Wells’s manner shifted just slightly toward the deferential. “Oh?”

“I’m also trying to help him — and Mr. Oates and Mr. Weston — discover who’s been vandalizing the town. Including your shop, I understand. Your window was broken?”

“We’d string the lout up by his thumbs, if I had my way, who did this,” said Wells.

“What happened?”

“It’s a short enough story. Old Fripp, down the road, had his window broken, and along about six or seven days later they did mine. Same kind of rock, same picture wrapped around it.”

“Do you have the picture?”

“I gave it to Oates.”

Lenox looked around. “Your shop seems to thrive.”

“Thank you, sir. It’s not been easy.”

“Does Captain Musgrave shop here?”

Wells was a purposeful-looking man. He had a dark mustache and was dressed in a black apron with a bow tie. He betrayed no real emotion at Musgrave’s name. “Not any longer.”

“He did once, then?”

“He doesn’t have much in the way of livestock or farmland,” said Wells, “but he stopped his cook buying her flour and corn here.” The word corn, here in Somerset, referred to any kind of grain — oats, barley, wheat.

“And the clock that was stolen from you — who knew it was here?”

“Anyone who’d been in the shop the last fifteen years, I suppose.

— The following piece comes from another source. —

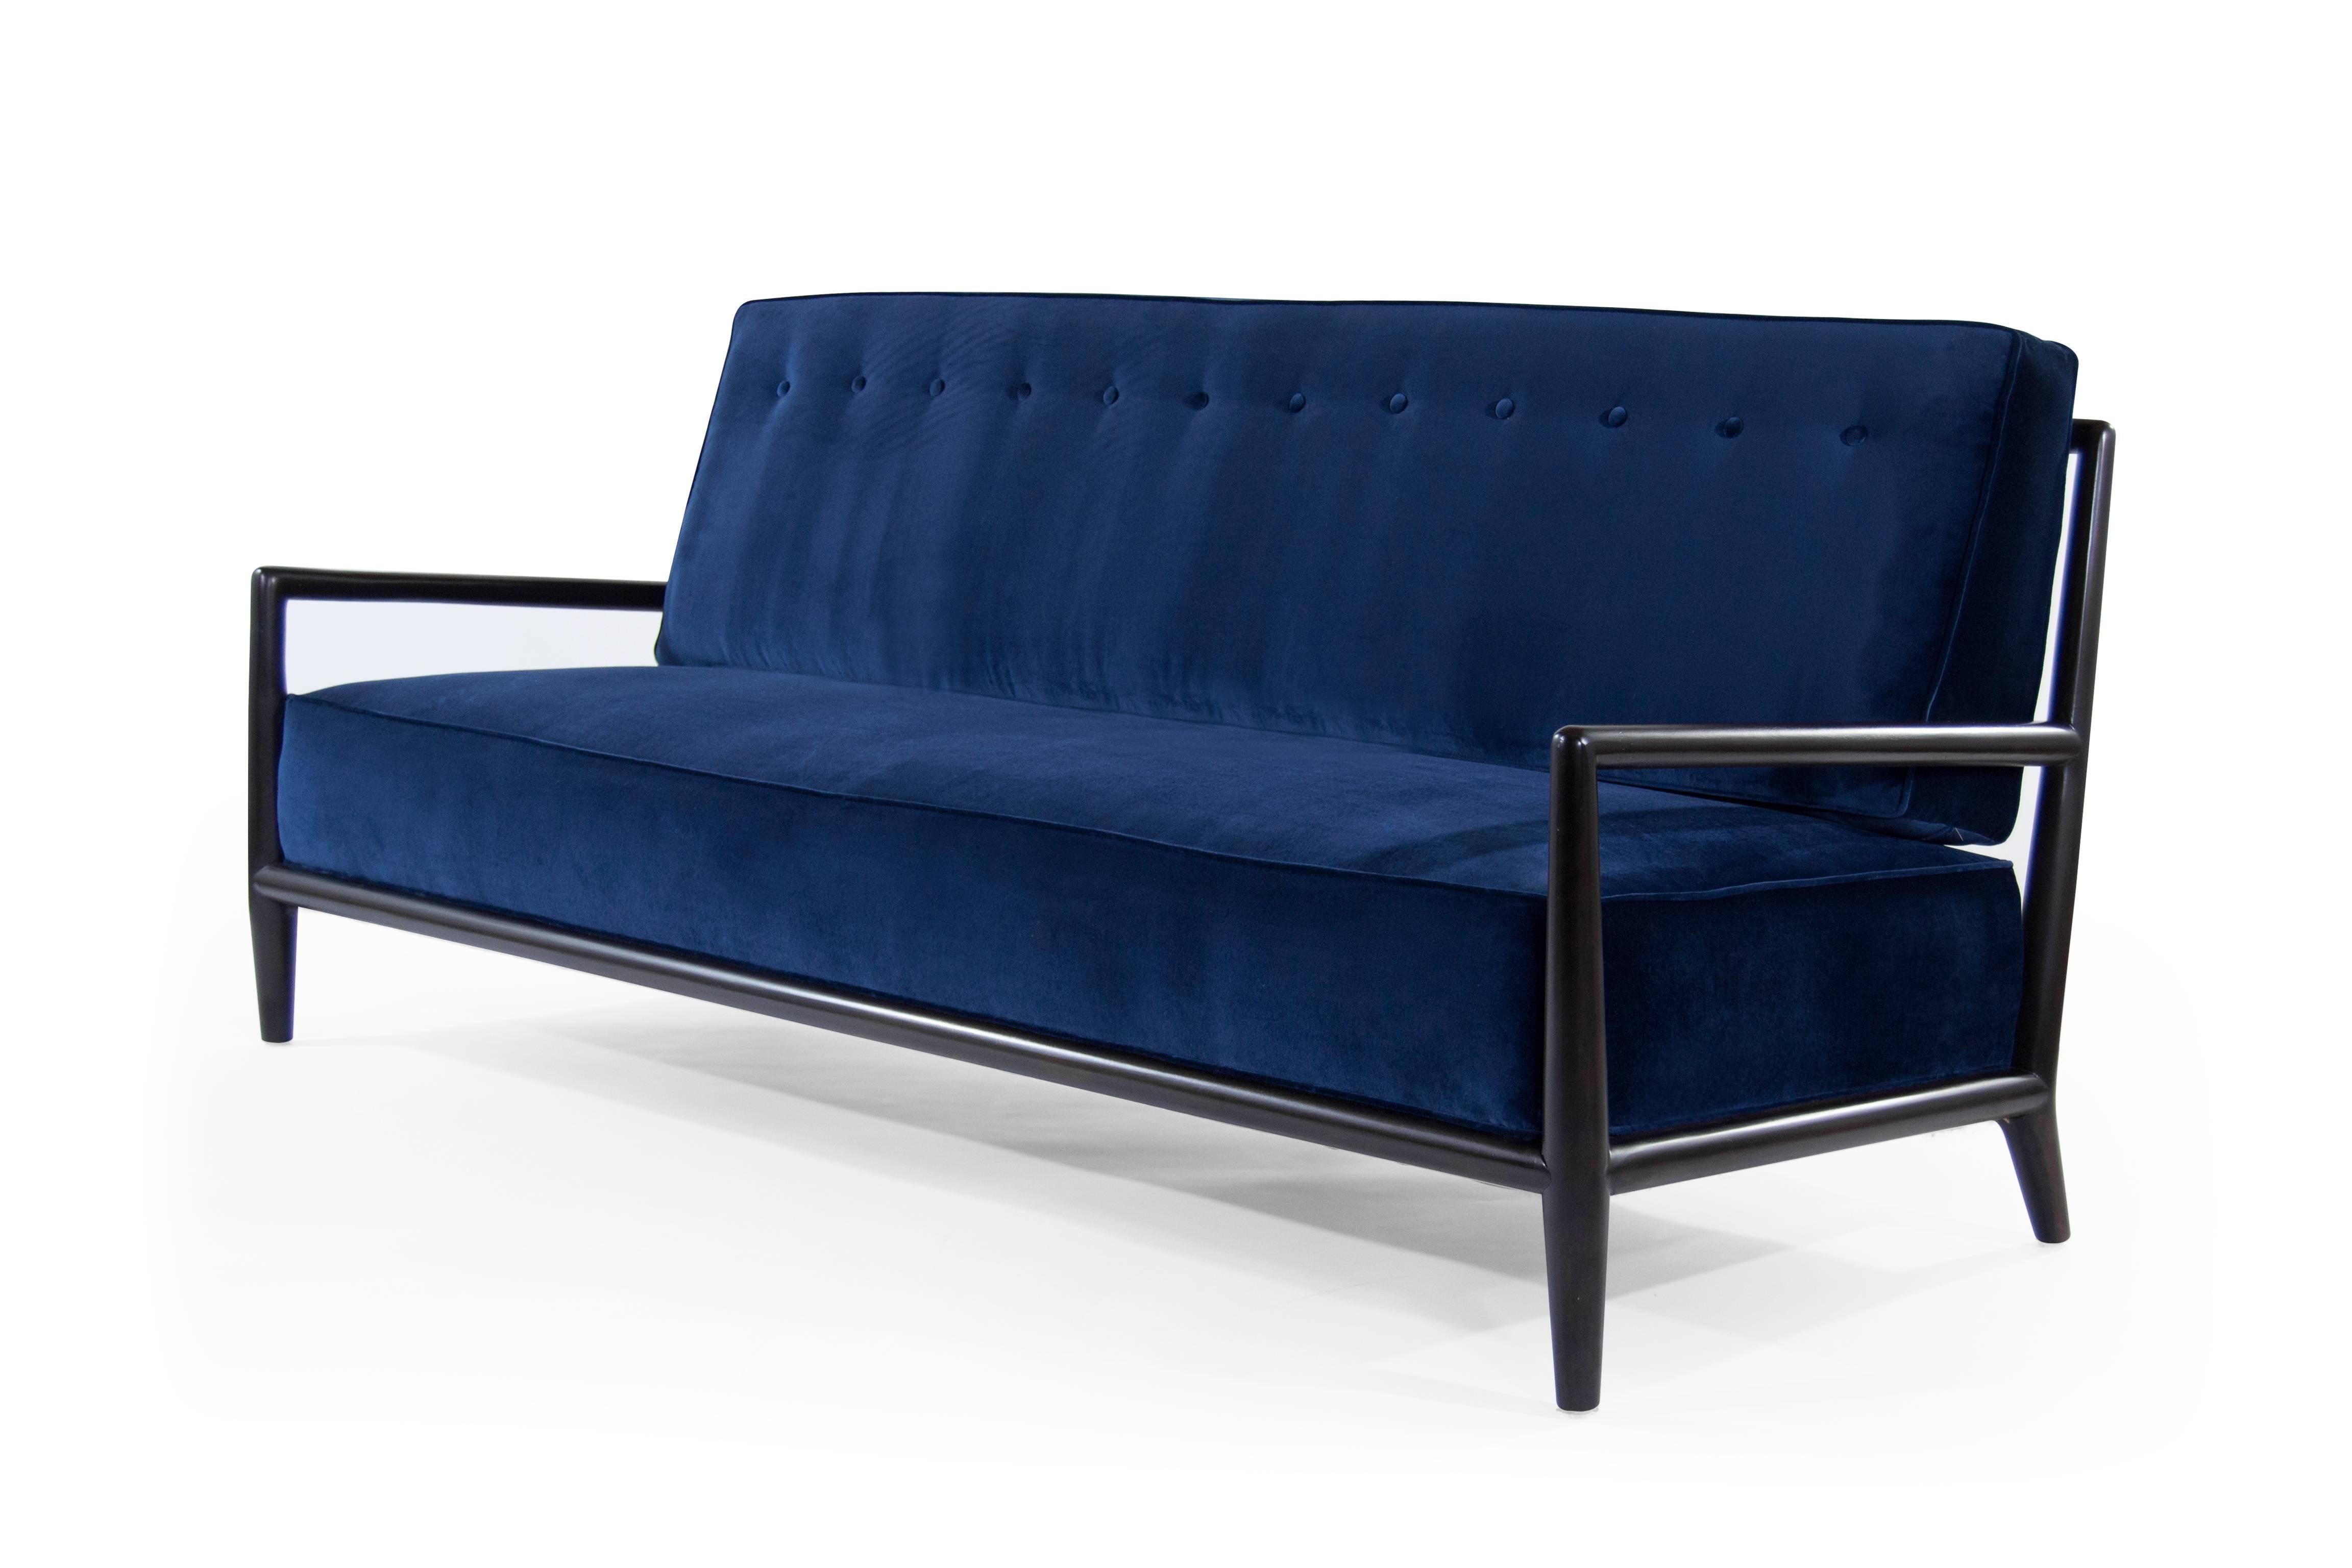 Stunning sofa by T.H. Robsjohn-Gibbings for Widdicomb, walnut frame newly refinished in espresso. Re-upholstered in navy blue velvet.

That’s all, if you want to round them up.”

Lenox looked at him levelly. “Thank you.” He had noticed that in a small back corner of the store, next to a padlocked door, there was a narrow band of lighter, newer floorboards, mismatched with the timeworn ones they lay alongside. “And this is your expansion?”

“Yes. We can keep more stock with the new shelves there,” he said. “It’s been a good year for business.”

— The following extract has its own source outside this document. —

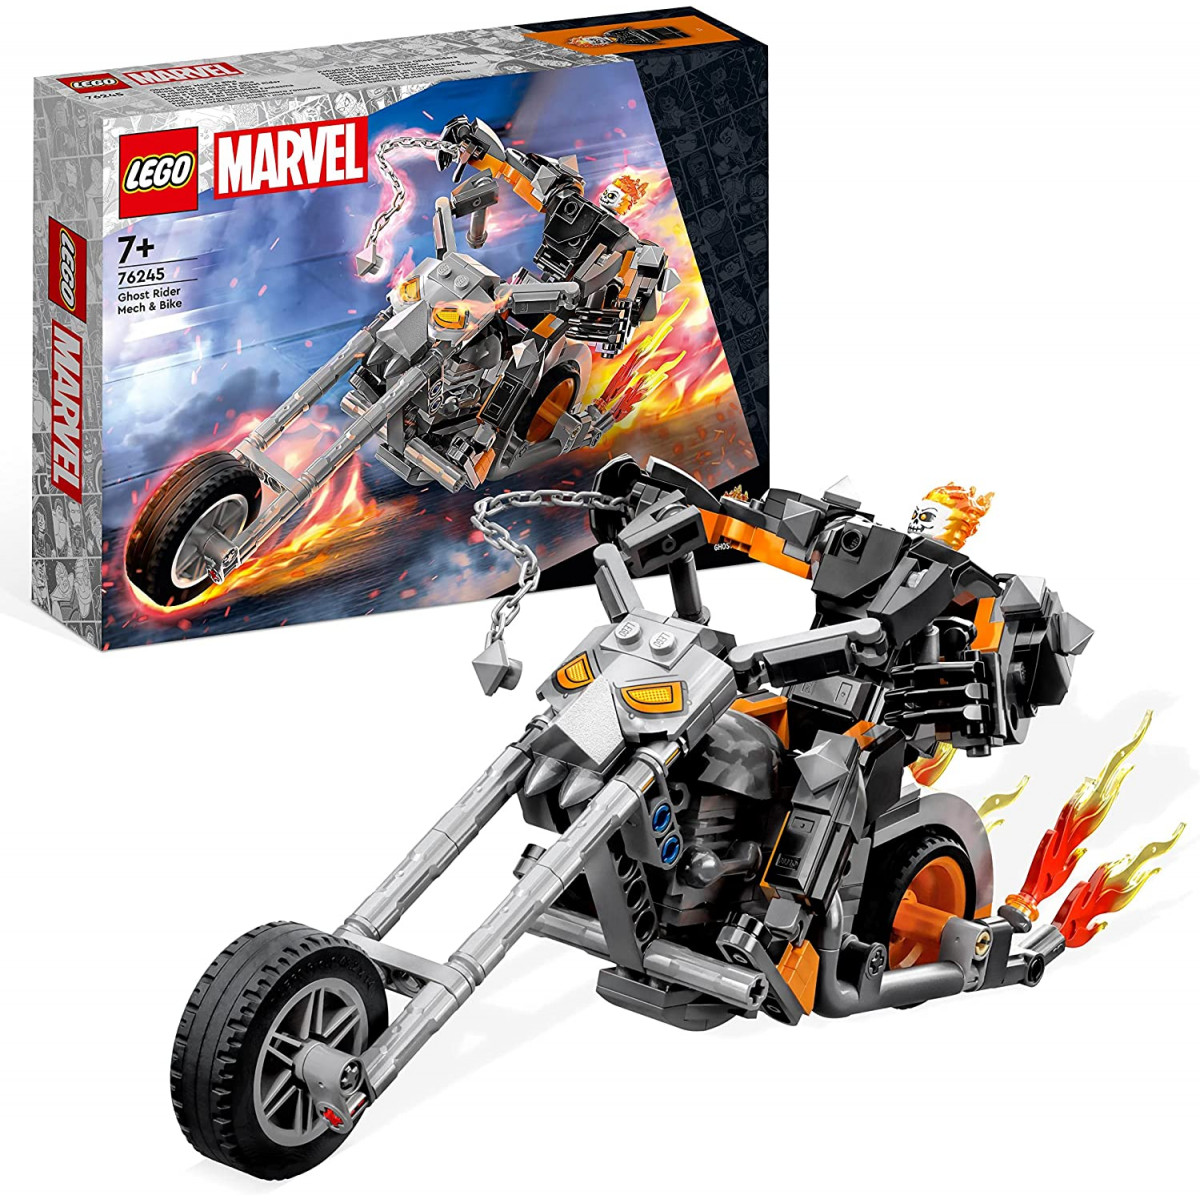 Lego 76245 - Avengers Marvel Ghost Rider Mech & Bike Toy Set

“Would you mind if I examined the place they took the clock from?” said Lenox.

Wells gestured toward a shelf over the door, now empty. “Be my guest. Do you want to stand on a stool?”

“If you wouldn’t mind.”

As Wells brought a stool over, Lenox asked, “Did the thieves come in after the rock, through the window?”

“They reached through it and unlocked the door. Left it standing wide open.”

Lenox ascended the stool. “How did they get the clock down? Was this stool standing here?”

Wells nodded. “The same one.”

“It’s very rickety — I wouldn’t like it if you let go at the moment. Makes me think there were two of them. Was it heavy, the clock?”

“Yes. Why?”

“It would require a man taller than I am or stronger to fetch down a heavy object from this position. You have a high-ceilinged place here, and I don’t doubt most men would have dropped the clock, including you. It would have been difficult for one man to take it away very quickly.”